This Study 3 is related to learning how to solve percentage change problems, which is a type of word problems in everyday situations (Ngu et al., 2014). Sixty 8th grade Australian students (mean age = 14) were randomly assigned to: (i) unitary approach, (ii) pictorial approach, and (iii) equation approach (Table 1). Consider a percentage change problem used in the study, “If your father wants to increase your weekly allowance of $20 by 5%, what is your new allowance?.” Central to the unitary approach is the unit percentage concept. This unitary approach consists of three solution steps: (i) 100%+ 5% = 105% (increase by 5%), (ii) $20÷100 = $0.2 (calculate 1%), and (iii) $0.2 × 105 = $21 (calculate 105%). Each solution step cannot be understood independent of other solution steps. The interaction between elements within each solution step and across the three steps would constitute a high level of element interactivity and thus intrinsic cognitive load. Moreover, to calculate the sub-goal of the unit percentage (1%), the learner needs to integrate information from two separate sources [100% in (i) and $20 in (ii)], which will cause a split-attention effect (Lee and Kalyuga, 2011). Thus, the combined consequences of high level of element interactivity and extraneous cognitive load would render this approach ineffective.

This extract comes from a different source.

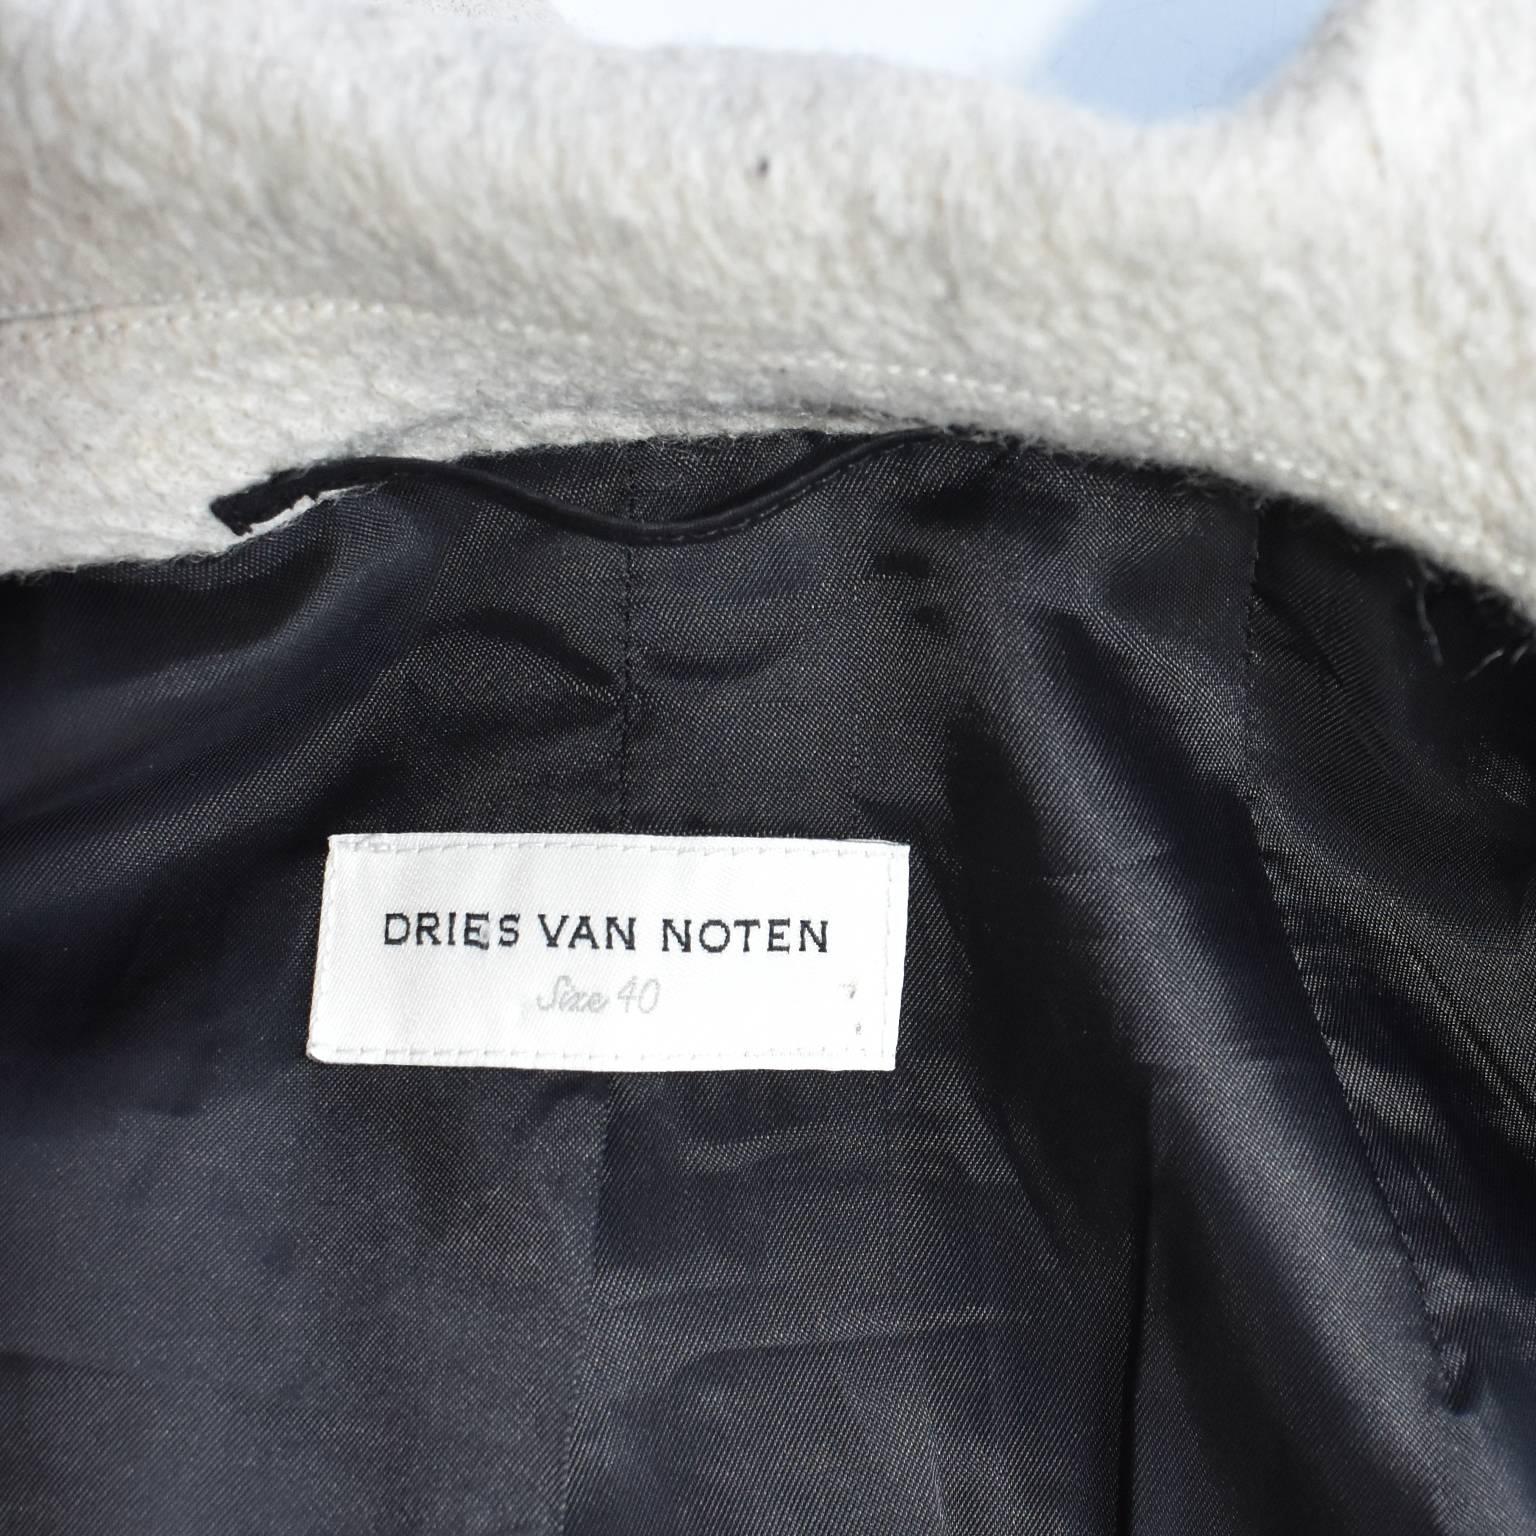 Dries Van Noten Sand Textured Coat with Balloon Sleeves In Excellent Condition For Sale In London, GB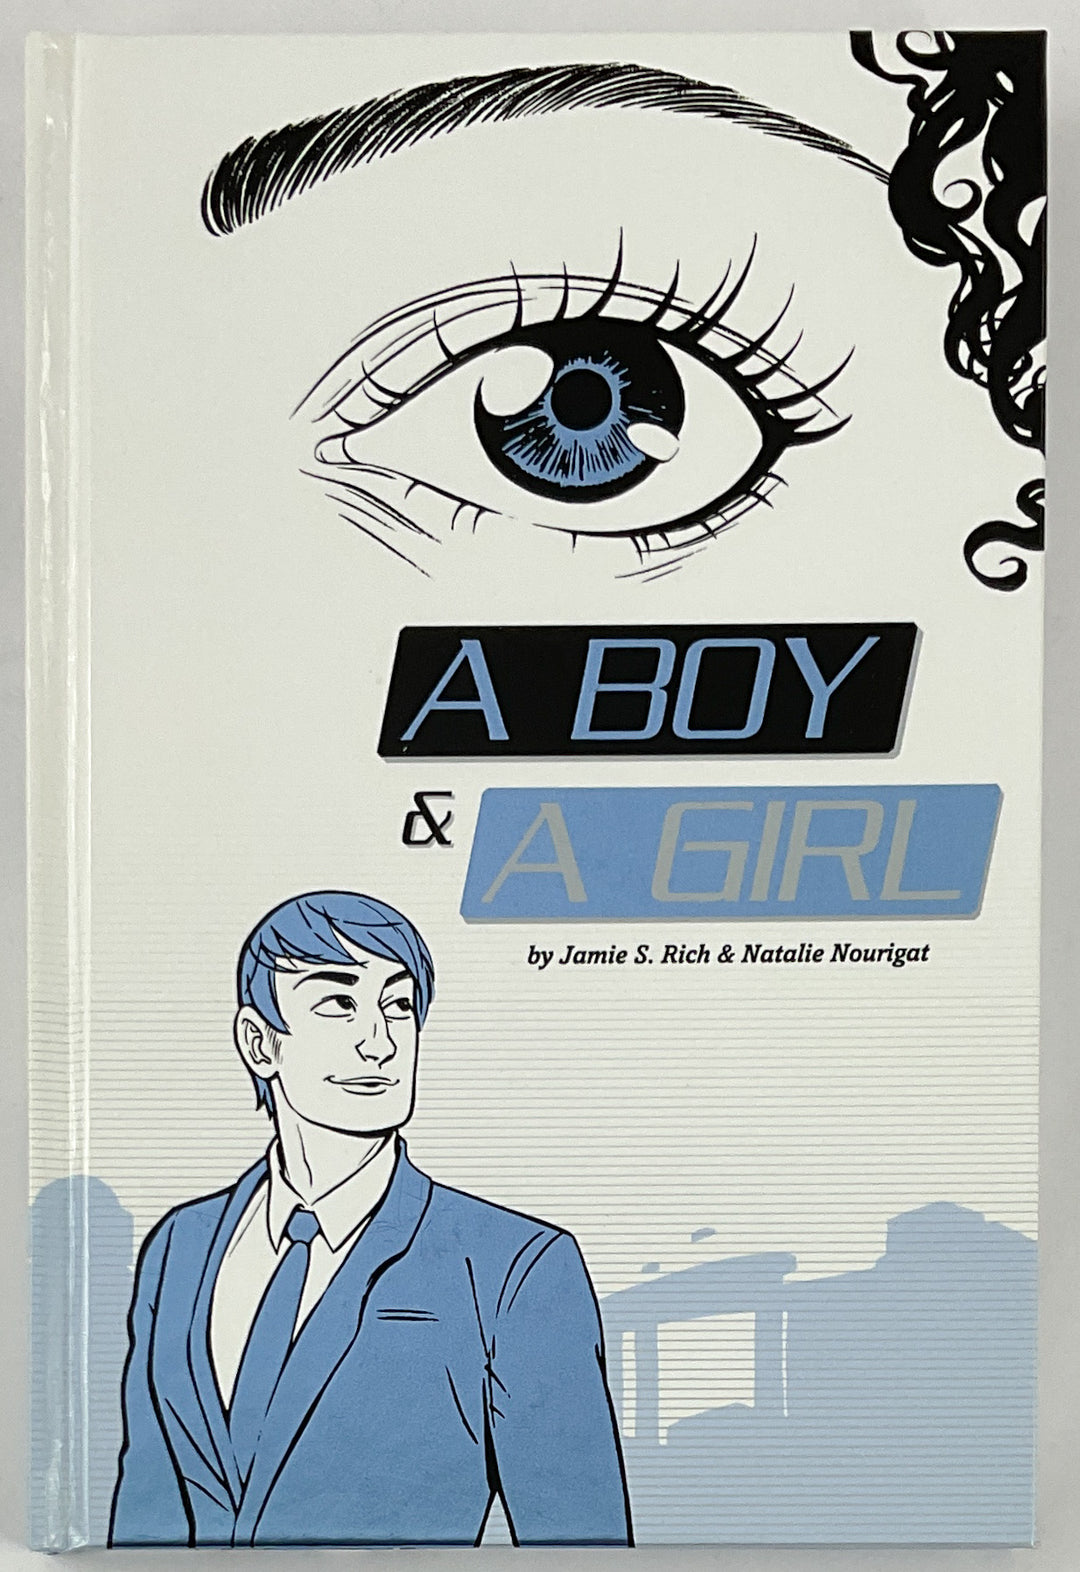 A Boy & A Girl - Hardcover First Signed by the Artist

The diagram of the pictorial approach aims at depicting the proportion concept—the alignment between quantity and percentage. A rectangular bar diagram is divided into 10 equal chunks and each chunk represents 10%. The alignment between quantity ($20) and percentage (100%) not only eliminates a split-attention effect (Lee and Kalyuga, 2011) but it also acts as a point of reference to calculate a sub-goal (quantity) that corresponds to 1, 5, 10%, etc. The learners need to learn the solution steps with reference to the diagram. Similar to the unitary approach, the learners need to process the interaction between multiple elements within each solution step as well as between the three solution steps. The germane cognitive load is increased to deduce the proportion of 10%:$2 and 5%:$1, leading to the calculation of new allowance, 105%:$21. Nonetheless, the pictorial approach may not be better than the unitary approach. The diagram would impose cognitive load when the learner needs to deduce a quantity that corresponds to % other than a multiple of 10% (e.g., 17%).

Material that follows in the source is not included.